> Task directions
Could you give back exactly the lines below from the one with "שיפטר ימני Shimano" through the one with "Panasonic S1 mirrorlress camera review", without a single picture?

> Information supplied
....

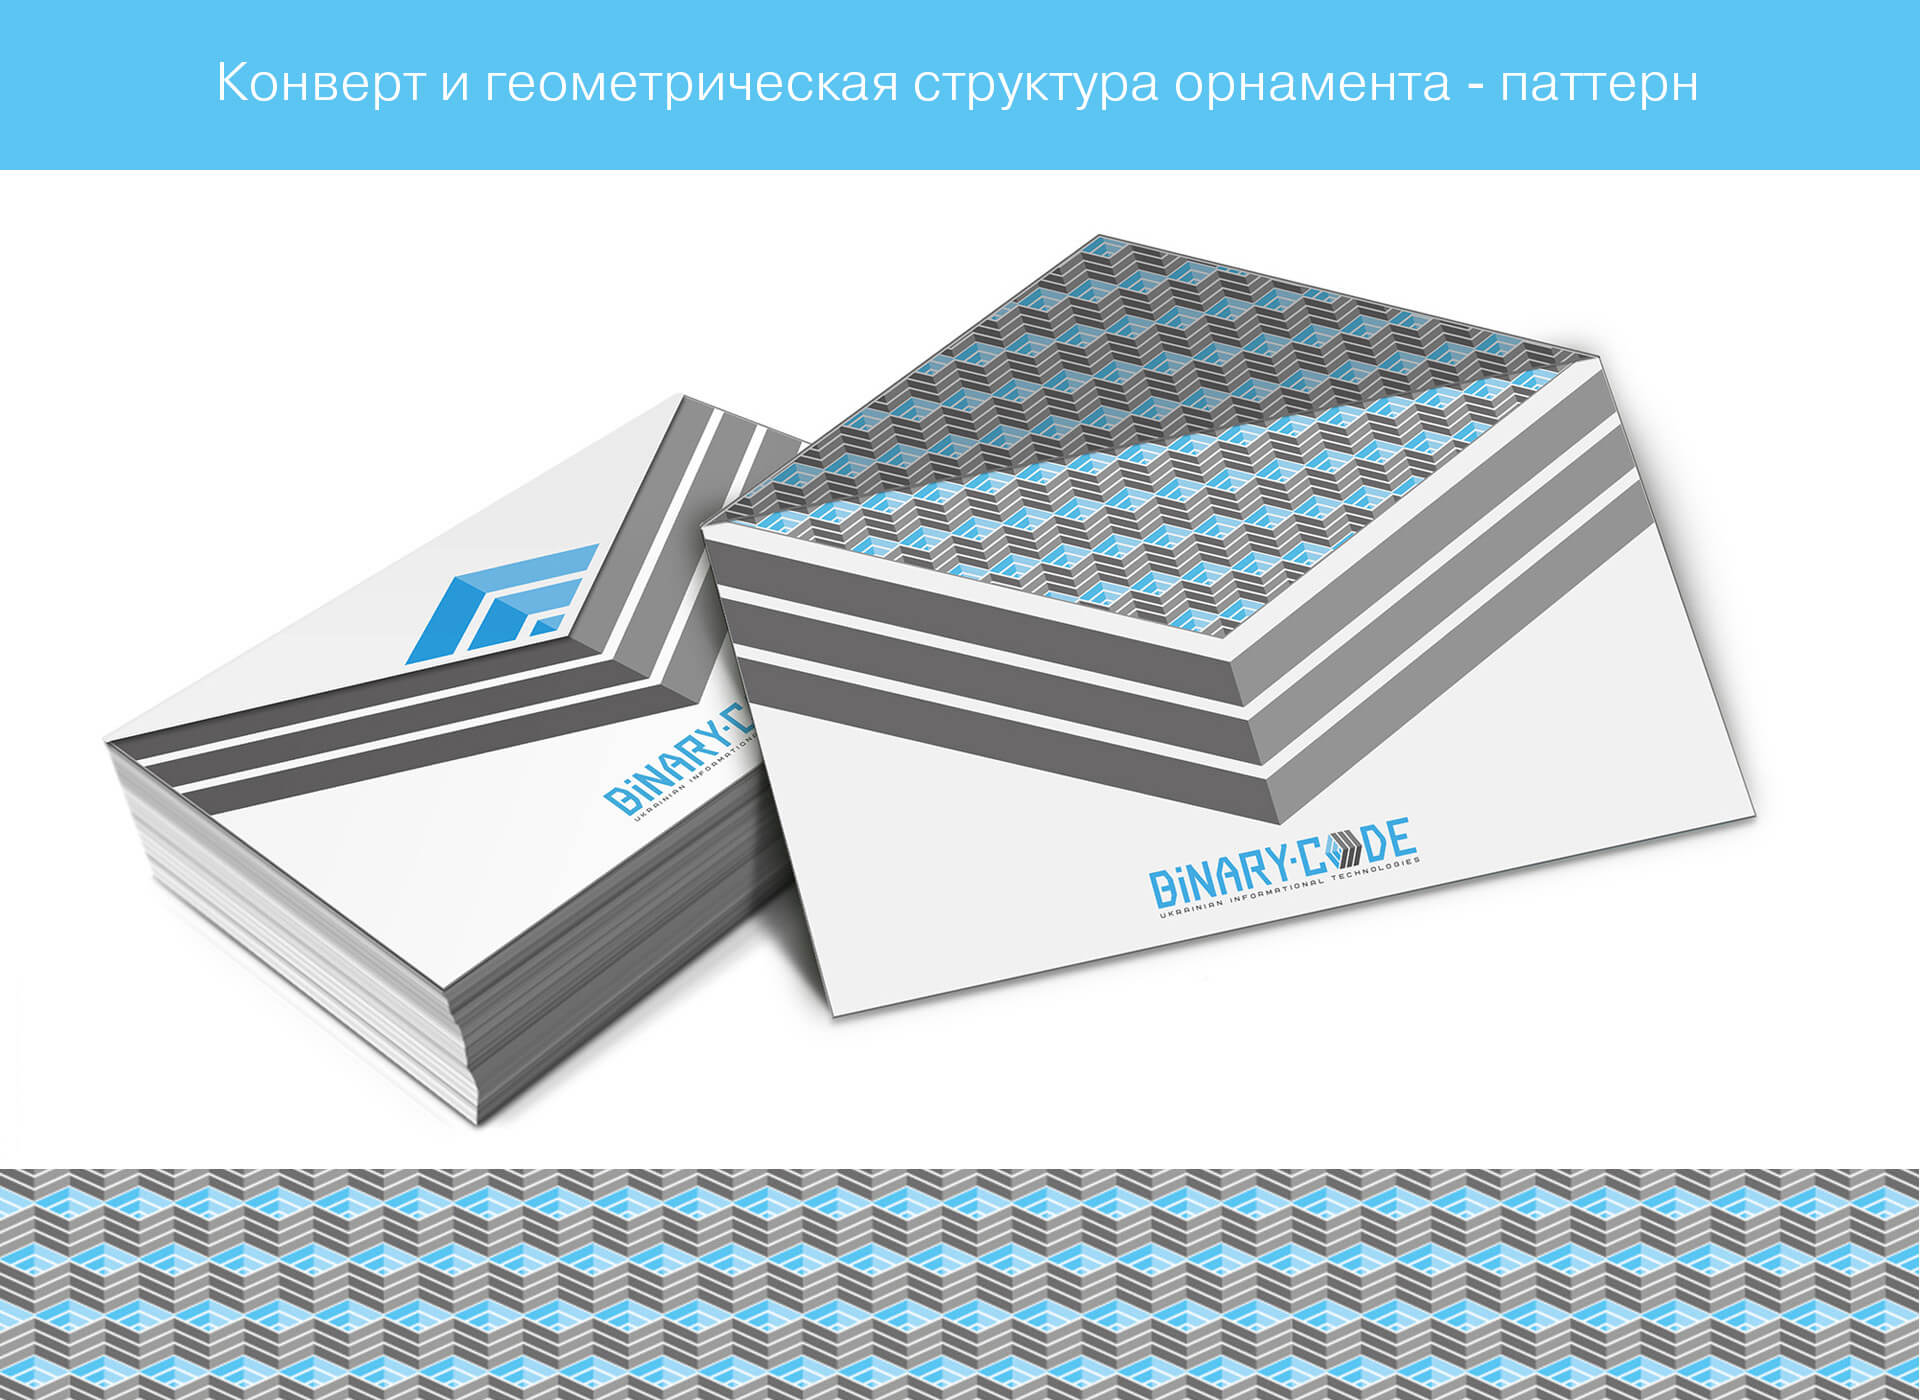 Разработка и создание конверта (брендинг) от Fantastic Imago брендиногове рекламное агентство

....

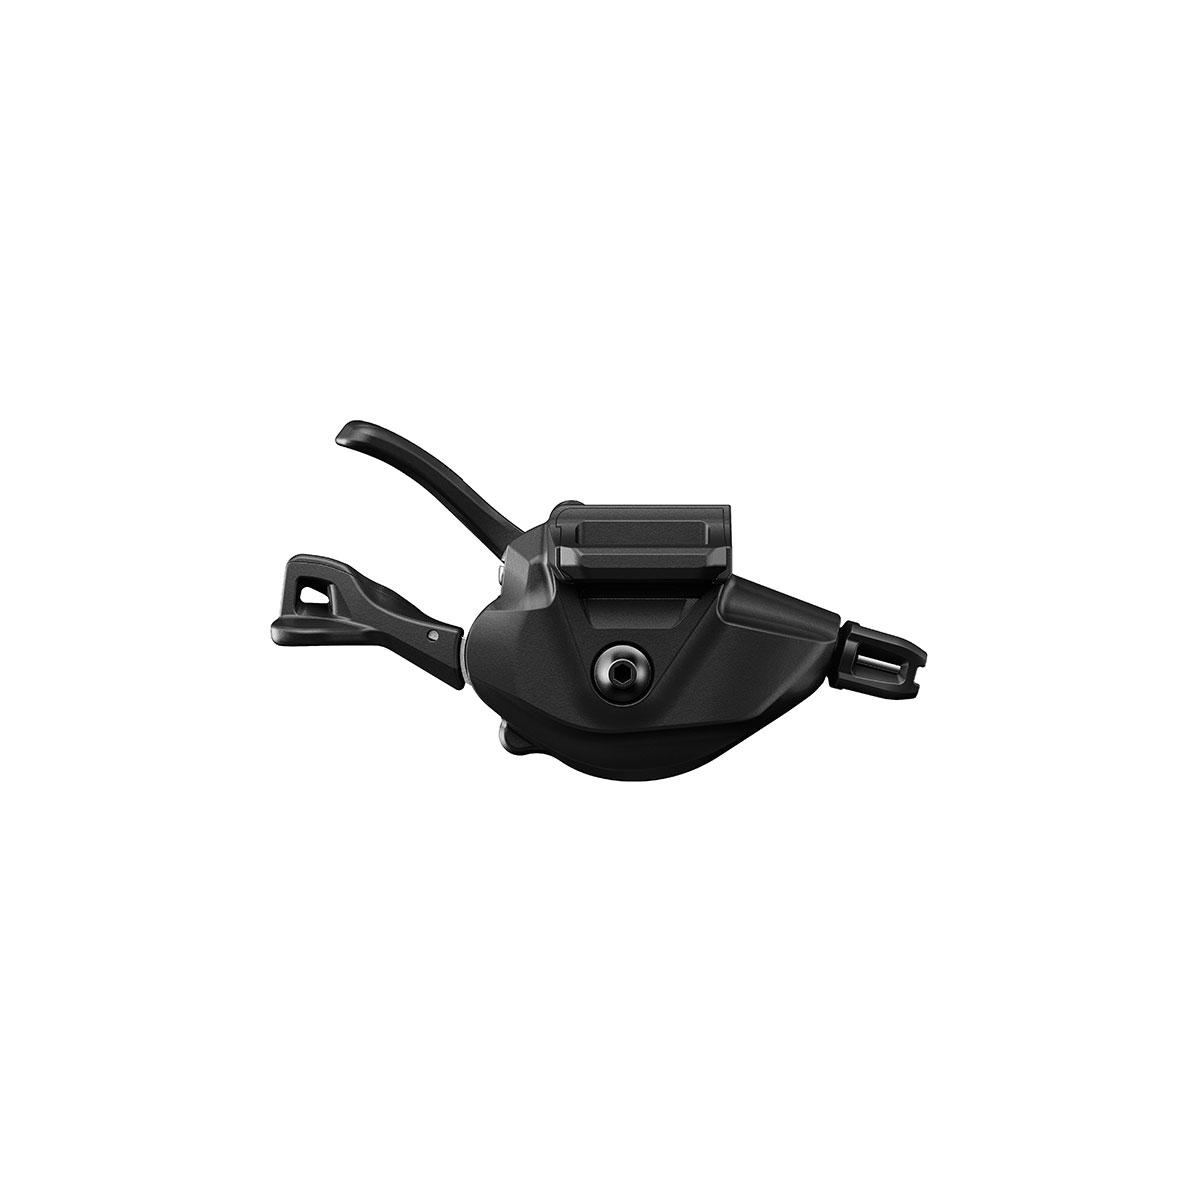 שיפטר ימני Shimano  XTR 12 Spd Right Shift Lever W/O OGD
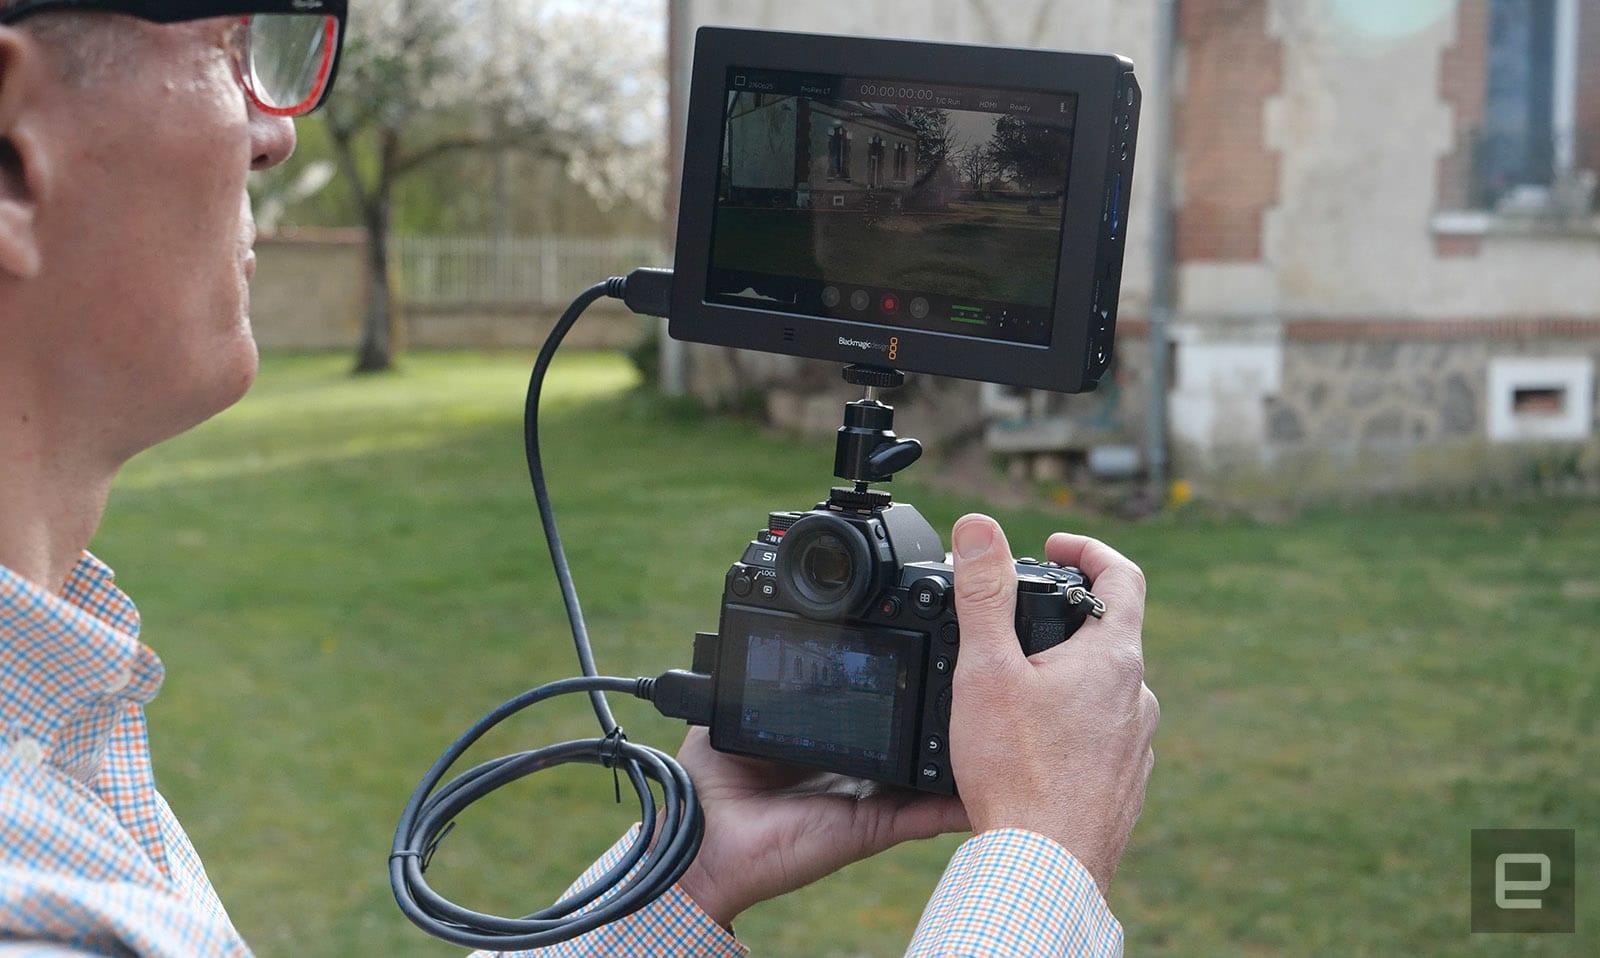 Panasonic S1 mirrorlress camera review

....

> Task result
 שיפטר ימני Shimano  XTR 12 Spd Right Shift Lever W/O OGD
 Panasonic S1 mirrorlress camera review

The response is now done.